Racial composition as of the 2020 census
| Race | Number | Percentage |
|---|---|---|
| White | 442 | 56.8% |
| Black or African American | 0 | 0.0% |
| American Indian and Alaska Native | 39 | 5.0% |
| Asian | 11 | 1.4% |
| Native Hawaiian and Other Pacific Islander | 0 | 0.0% |
| Some other race | 198 | 25.4% |
| Two or more races | 88 | 11.3% |
| Hispanic or Latino (of any race) | 294 | 37.8% |

===2010 census===
As of the 2010 census, there were 712 people, 286 households, and 161 families living in the city. The population density was 1148.4 PD/sqmi. There were 313 housing units at an average density of 504.8 /sqmi. The racial makeup of the city was 72.2% White, 0.3% African American, 1.3% Native American, 0.3% Asian, 0.1% Pacific Islander, 19.0% from other races, and 6.9% from two or more races. Hispanic or Latino of any race were 28.1% of the population.

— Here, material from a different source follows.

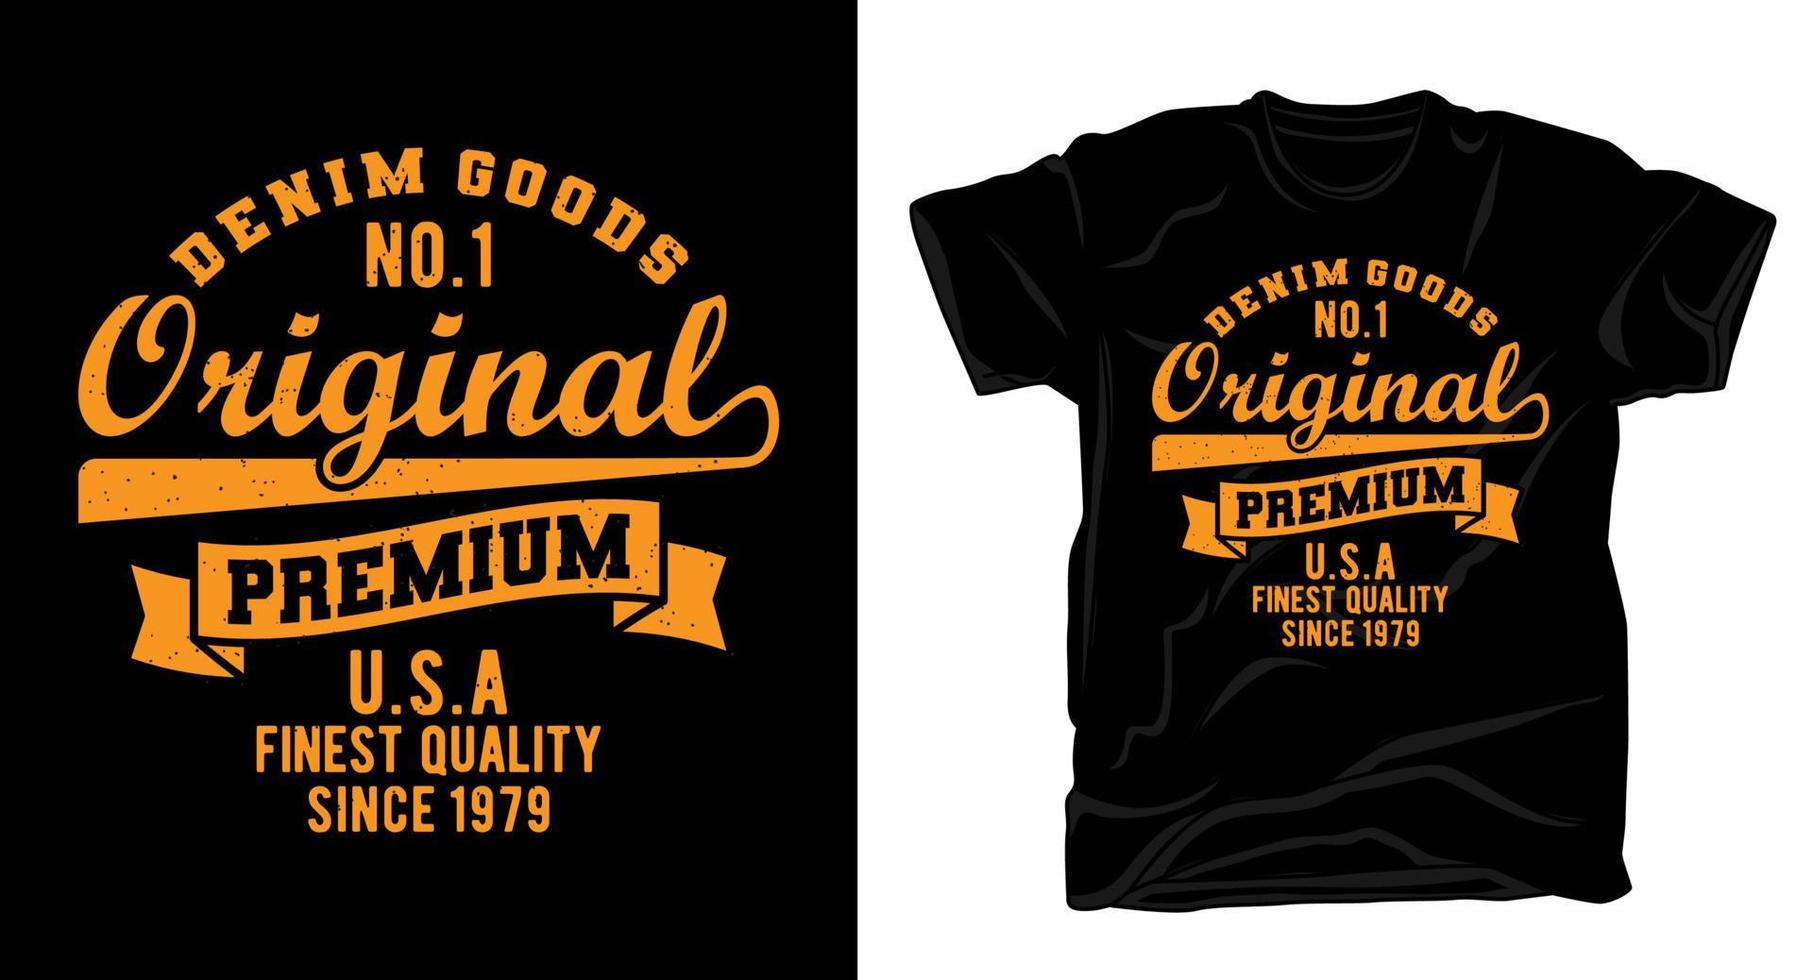 Denim goods original typography for t-shirt design vector

There were 286 households, of which 35.3% had children under the age of 18 living with them, 37.1% were married couples living together, 11.5% had a female householder with no husband present, 7.7% had a male householder with no wife present, and 43.7% were non-families. 34.3% of all households were made up of individuals, and 5.9% had someone living alone who was 65 years of age or older. The average household size was 2.46 and the average family size was 3.15.

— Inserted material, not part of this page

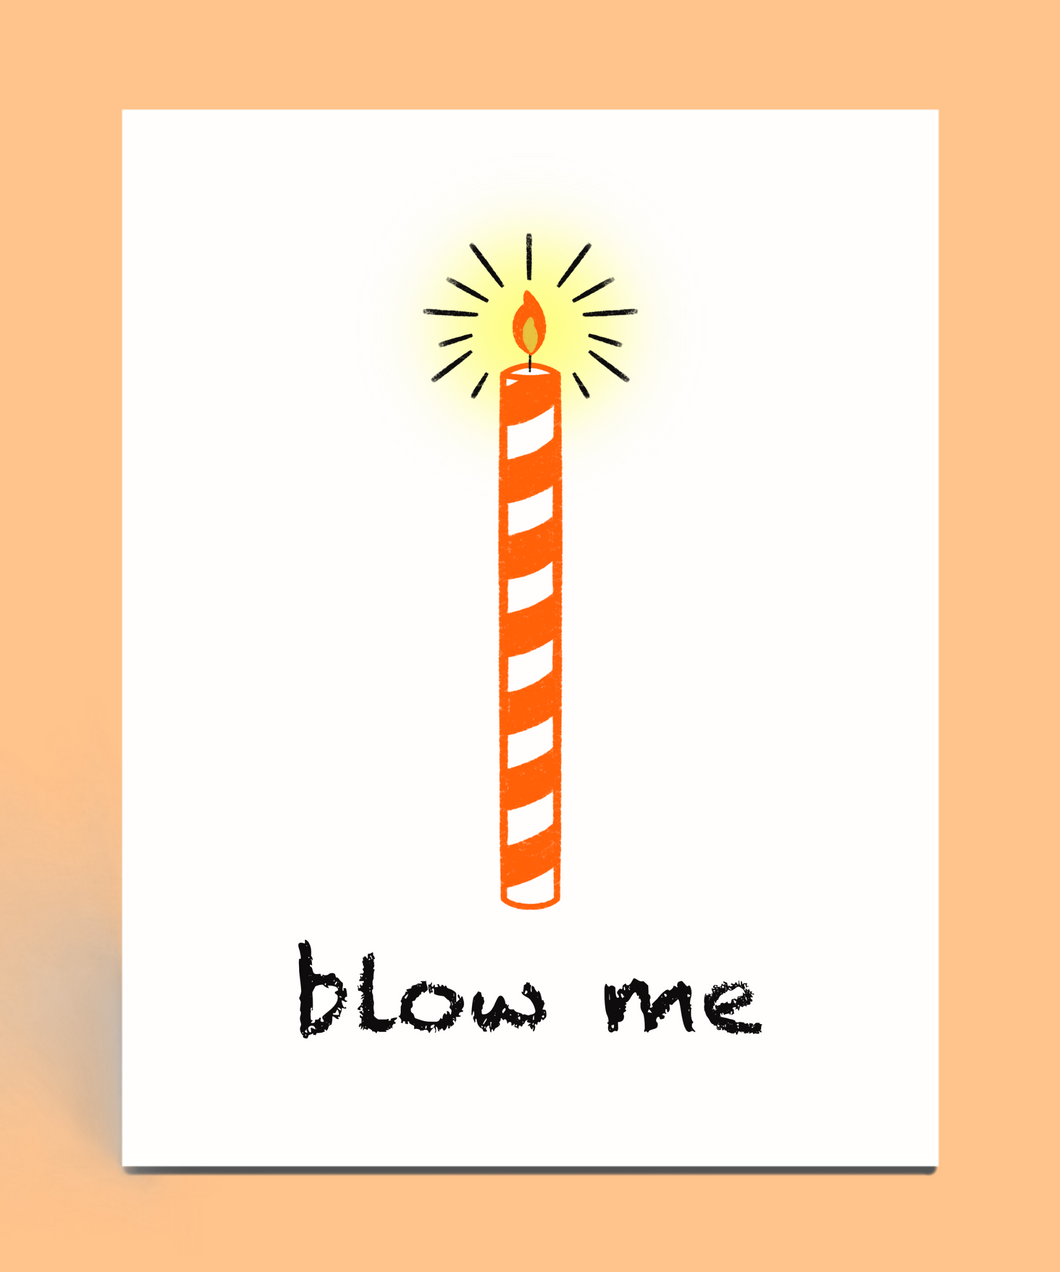 Blow Me Birthday Card

The median age in the city was 35.2 years. 26.3% of residents were under the age of 18; 8% were between the ages of 18 and 24; 31.9% were from 25 to 44; 24.8% were from 45 to 64; and 9% were 65 years of age or older. The gender makeup of the city was 53.8% male and 46.2% female.

==Transportation==
Bingen is located along State Route 14, which connects it to other communities along the north bank of the Columbia River. The Hood River Bridge is located west of the city and connects State Route 14 to Hood River, Oregon, and Interstate 84. Bingen is also the terminus of State Route 141, a highway that connects it to White Salmon, Trout Lake, and the base of Mount Adams.

The city is home to Bingen–White Salmon station, which is served by daily Amtrak trains on the Empire Builder between Portland, Oregon, and Chicago. Mount Adams Transportation Service provides bus service.